**EXERCISE REQUIREMENTS:** When you find the line that contains "HONG KONG - DECEMBER", restate it and all lines after it exactly, stopping at the end of the material.

**INFORMATION SUPPLIED:**
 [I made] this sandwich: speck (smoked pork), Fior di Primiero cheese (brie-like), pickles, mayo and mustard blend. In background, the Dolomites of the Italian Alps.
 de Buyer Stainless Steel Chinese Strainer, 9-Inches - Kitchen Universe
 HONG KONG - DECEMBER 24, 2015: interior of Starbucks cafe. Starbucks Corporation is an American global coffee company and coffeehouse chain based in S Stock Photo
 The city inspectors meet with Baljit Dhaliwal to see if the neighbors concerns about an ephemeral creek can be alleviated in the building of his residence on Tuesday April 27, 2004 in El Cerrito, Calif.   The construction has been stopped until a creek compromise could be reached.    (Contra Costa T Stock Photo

**TASK RESPONSE:**
 HONG KONG - DECEMBER 24, 2015: interior of Starbucks cafe. Starbucks Corporation is an American global coffee company and coffeehouse chain based in S Stock Photo
 The city inspectors meet with Baljit Dhaliwal to see if the neighbors concerns about an ephemeral creek can be alleviated in the building of his residence on Tuesday April 27, 2004 in El Cerrito, Calif.   The construction has been stopped until a creek compromise could be reached.    (Contra Costa T Stock Photo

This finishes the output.